[EXERCISE]
Every line of the data below should be retyped exactly, with no images carried over.

[INFORMATION PROVIDED]
- - -

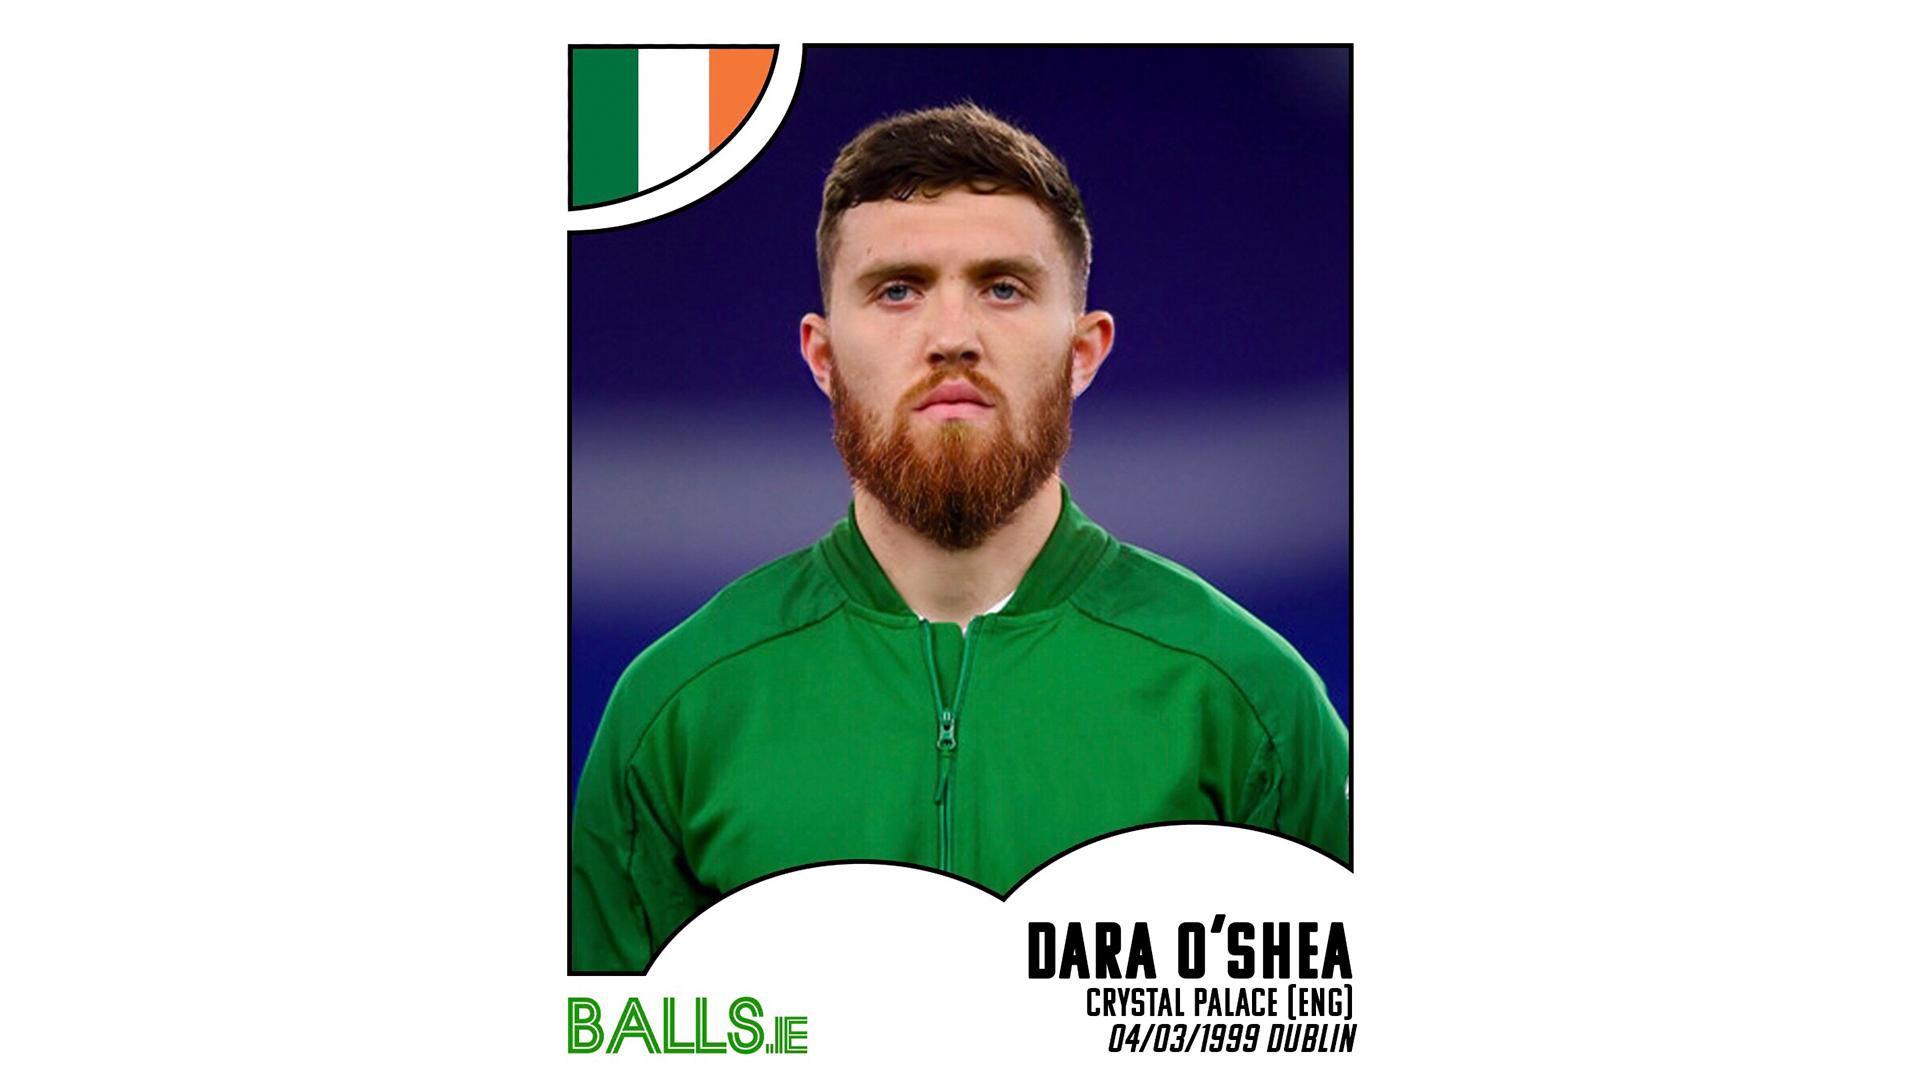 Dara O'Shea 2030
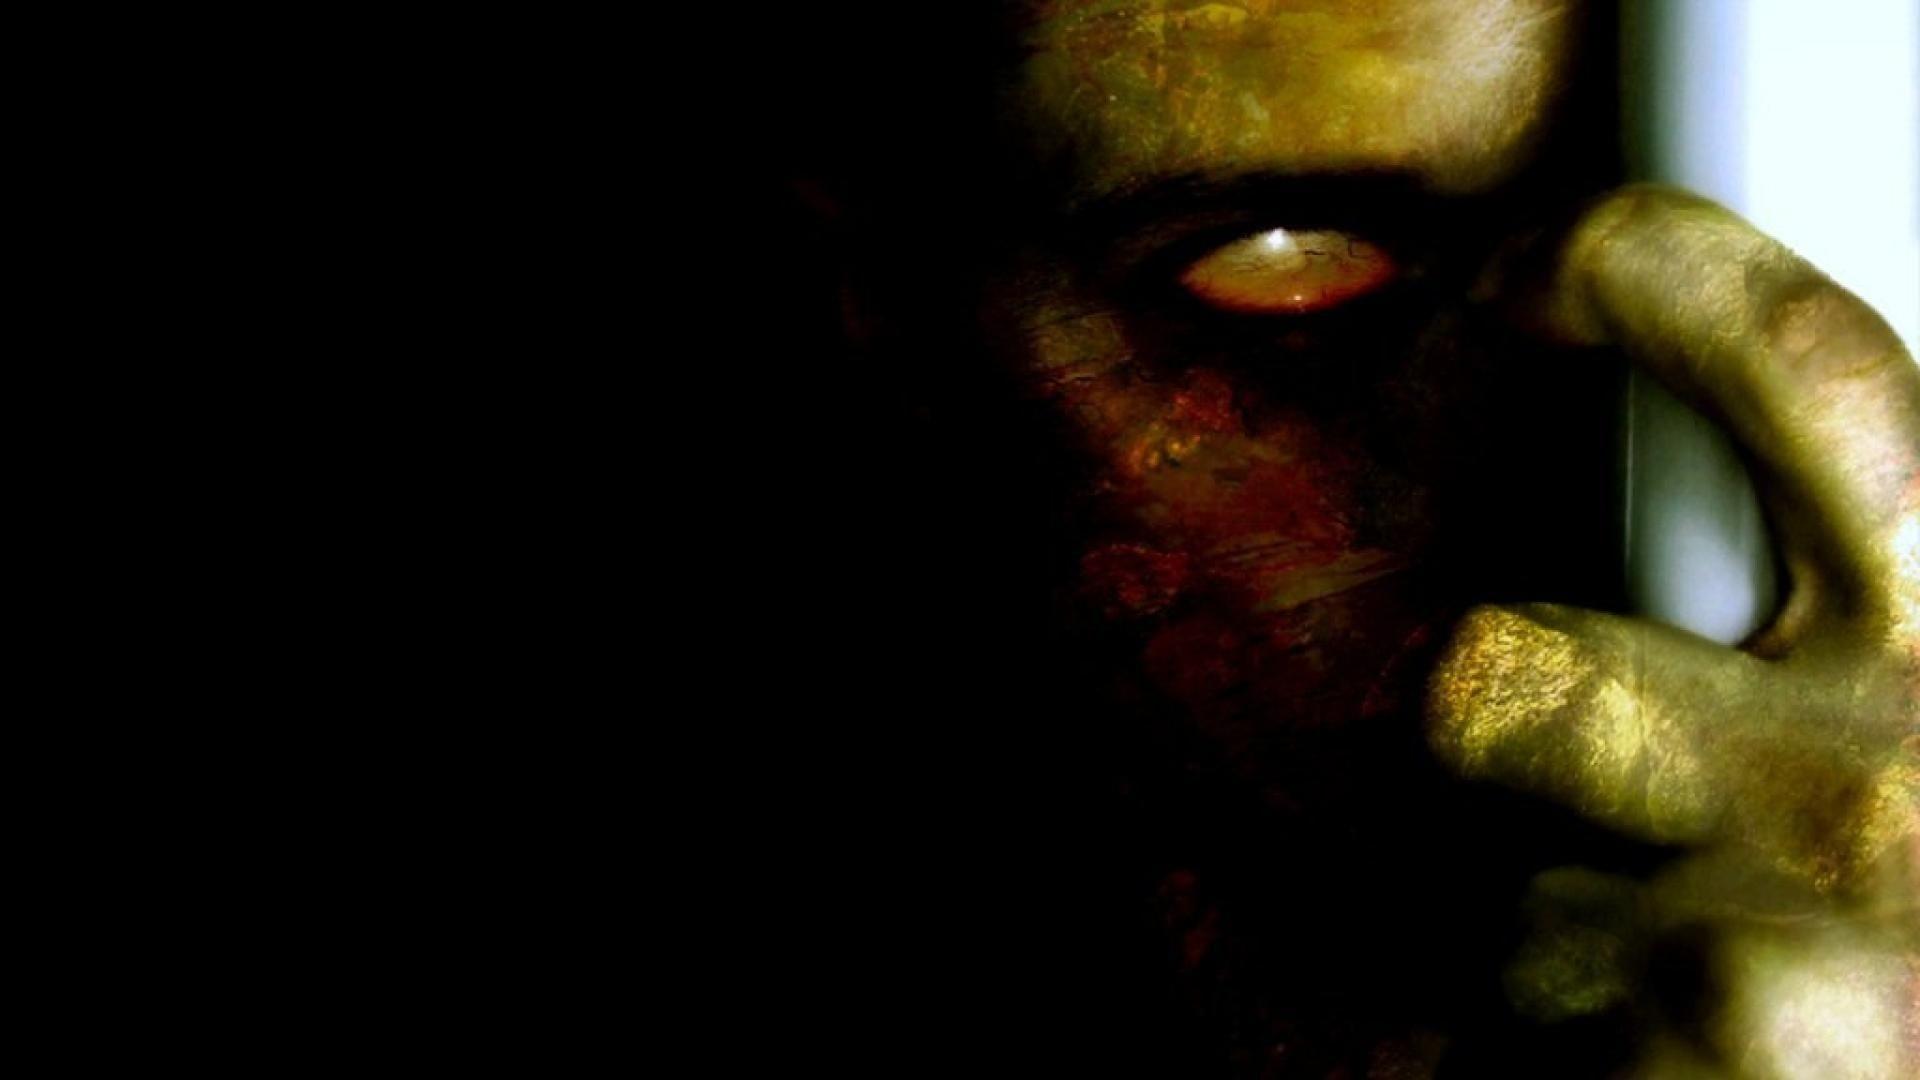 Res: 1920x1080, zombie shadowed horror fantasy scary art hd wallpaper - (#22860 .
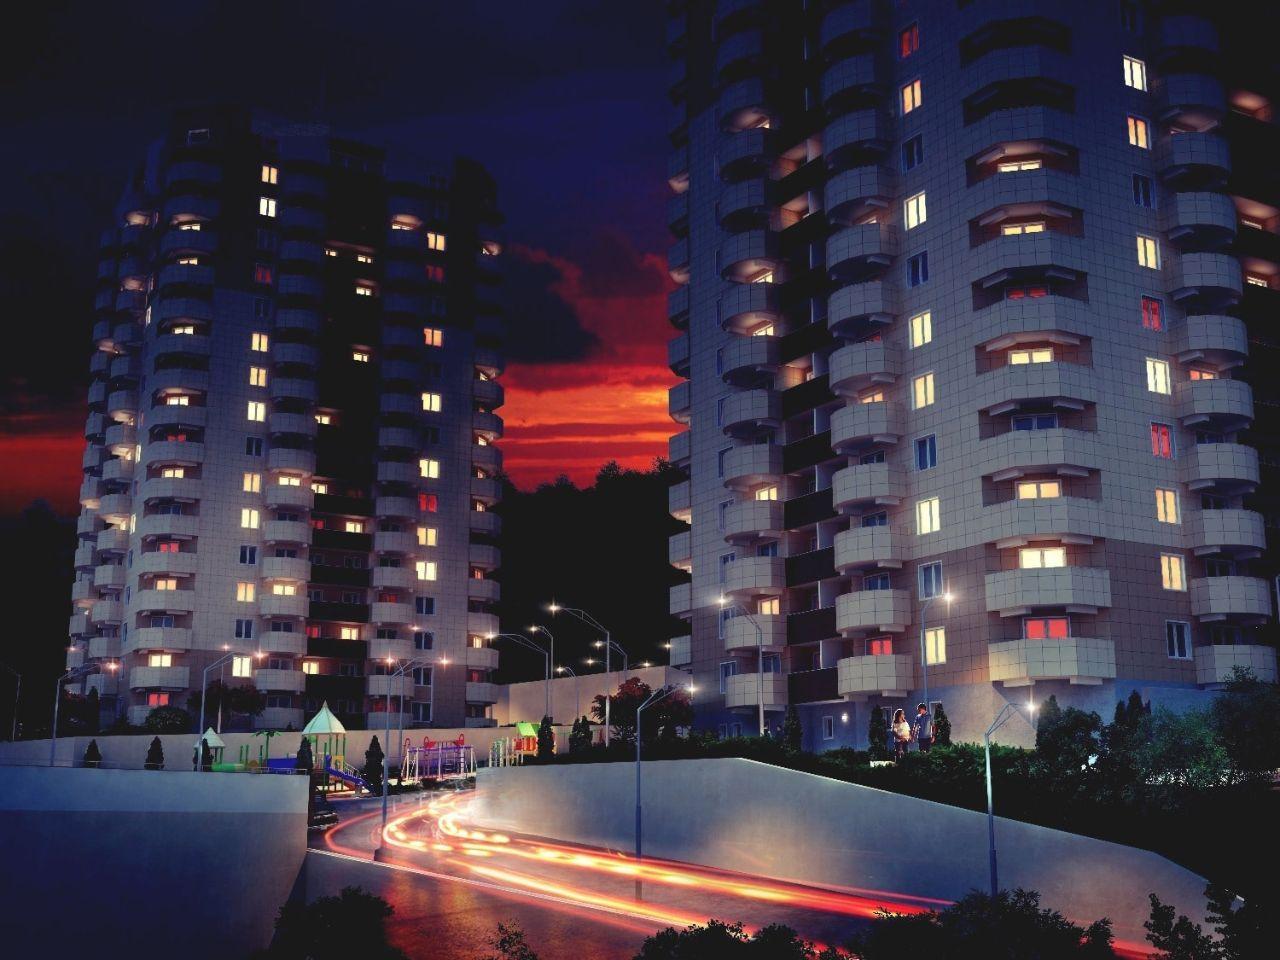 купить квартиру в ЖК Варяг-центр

- - -

[RESULT OF THE TASK]
 Dara O'Shea 2030
 Res: 1920x1080, zombie shadowed horror fantasy scary art hd wallpaper - (#22860 .
 купить квартиру в ЖК Варяг-центр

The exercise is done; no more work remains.